Gnumber, i.e. "G12345678" is currently the default format of drug_id. It's also used as a drug name in some cases.

Usage

remove_drug_batch(
  drug_vec,
  drug_p = "^G[0-9]{8}",
  sep_p = "[^0-9|^_]",
  batch_p = ".+"
)

Arguments

drug_vec

character vector with drug id(s)

drug_p

string with regex pattern for drug id. Set to Gnumber format by default: "G[0-9]{8}".

sep_p

string with regex pattern for separator. Set to any character except for digit and space

batch_p

string with regex pattern for batch substring.
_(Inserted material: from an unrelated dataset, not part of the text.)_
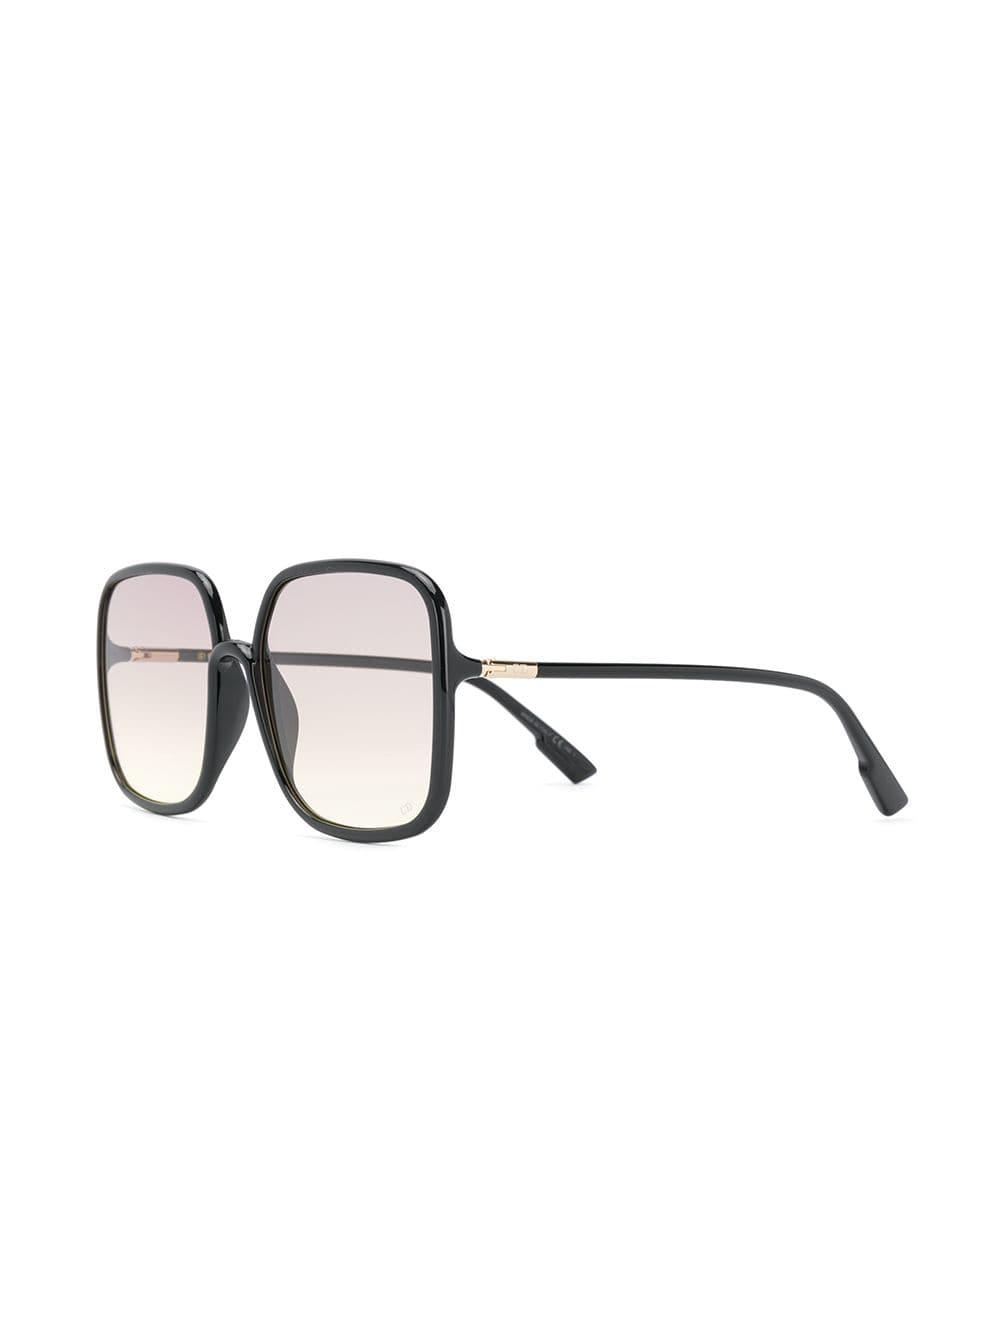 6429d41bc352c Dior Sostellaire1 Glasses in Black - Lyst

By default set to any character(s): ".+"

Value

charvec with Gnumber(s)

Details

By default, Gnumber(s) followed by any character (except for underscore and any digit) and any batch substring are cleaned:

  • G00060245.18 => G00060245

  • G00060245.1-8 => G00060245

  • G02948263.1-1.DMA => G02948263

  • Gnumber followed by the codrug

    • G03252046.1-2;G00376771 => G03252046

  • Gnumber followed by the two codrugs

    • G03256376.1-2;G00376771.1-19;G02557755 => G03256376

  • Gnumber followed by the drug name

    • G00018838, Cisplatin => G00018838

By default, Gnumber(s) followed by the "_" or digit (regardless the batch substring) are not cleaned:

  • Gnumber with suffix added to prevent duplicated ids

    • G00060245_(G00060245.1-8)

  • too long Gnumber

    • G123456789.1-12

Examples

remove_drug_batch("G00060245.18")
#> [1] "G00060245"
remove_drug_batch("G00060245.1-8")
#> [1] "G00060245"
remove_drug_batch("G00060245.1-1.DMA")
#> [1] "G00060245"

remove_drug_batch("G03252046.1-2;G00376771")
#> [1] "G03252046"
remove_drug_batch("G00018838, Cisplatin")
#> [1] "G00018838"
remove_drug_batch("G03256376.1-2;G00376771.1-19;G02557755")
#> [1] "G03256376"
remove_drug_batch("G00060245_(G00060245.1-8)")
#> [1] "G00060245_(G00060245.1-8)"
remove_drug_batch(c("G00060245.18", "G00060245.1-8", "G00060245.1-1.DMA"))
#> [1] "G00060245" "G00060245" "G00060245"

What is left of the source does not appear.